Hmm, they went with Reflective type lights instead of projection. Interesting. Personally, I would of like it to be projection.


----------



## Jason @ BMS (Aug 31, 2009)

0428 said:


> Correct! But who needs a 90K 6er when you can take the bus. :banghead:


True That.


----------



## pointandgo (Apr 9, 2010)

jocamryn said:


> ...But these are just SEXY!:thumbup: THIS is what I have been asking BMW for! FULL LED treatment, xenons should be standard, and Halogens go the way of the dodo bird.
> 
> You should love your Xenons...they will last much longer than halogens...perhaps 5 years or more, and you won't have to worry about halogen replacement costs. Not to mention the improved road visibility.
> This comparison of Xenon vs. Halogen:
> http://www.youtube.com/watch?v=0wnFFWlzz6M&feature=related


----------



## FCBayernFTW (Oct 10, 2005)

> High-visibility innovation: Adaptive LED Headlights.
> 
> The new BMW 6 Series Coupe is equipped with bi-xenon headlights as standard. An accentuating trim element cuts across the top of the hallmark BMW twin round headlights to produce the intent look familiar from other BMW models. The optional Adaptive LED Headlights provide a fresh take on this established feature. The Adaptive LED Headlights for low beam and high beam contain LED light rings for the parking lights and daytime running lights, which are levelled off at the lower edge and overlapped at their top edge by an accent light ***8211; also featuring LEDs. The result is a stunning, distinctively BMW showcase for the innovative light technology below the surface. In addition, they also generate the low beam and high beam light from the two light rings. The light sources here are horizontal LED ribs positioned in the centre of the light rings.
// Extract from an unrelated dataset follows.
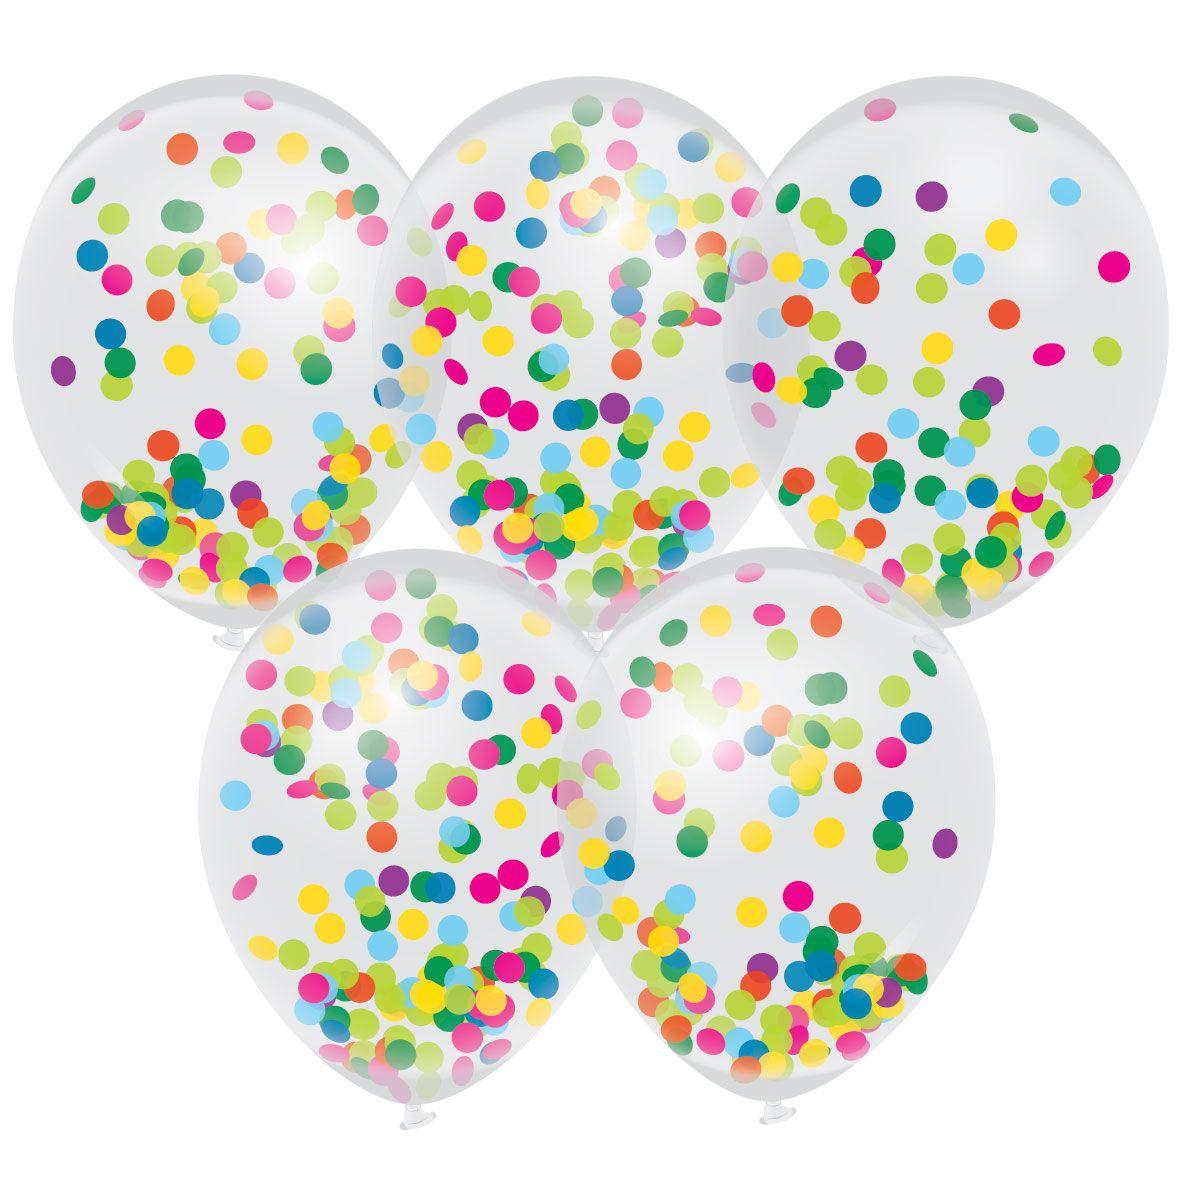 Confetti ballonnen zijdevloei kleur per 5 stuks

The brand's hallmark twin round headlight look is therefore ex-pressed even more strikingly not only with the daytime running lights switched on, but also when the headlights are activated in the dark.
> 
> However, the Adaptive LED Headlights are about more than just looking good; they also ensure the driver can see well. Their bright white light provides an intense and even illumination of the road ahead. From a colour perspective, the light comes much closer to natural daylight than that created by conventional halogen or xenon headlights, lending even reflective objects far greater contrast. The cornering element of the Adaptive LED Headlights is also tailored to the car's speed, steering angle and yaw rate, allowing the pivot of the headlights to adapt automatically to the line of the corner. Meanwhile, a light source positioned specially in the headlight housing generates the cornering light which, at low speeds, ensures illumination of the road surface in the direction the car is turning. LED technology is also deployed for the direction indicators, each of which consists of eight LED units arranged in a row underneath the light rings. As well as enhancing visibility in the dark, the Adaptive LED Headlights thus also significantly improve the signalling effect of the car's lights.


I think they are da shizzle, hopefully they trickle down to the F30 M3.


----------



## FCBayernFTW (Oct 10, 2005)

These really set this car off!


----------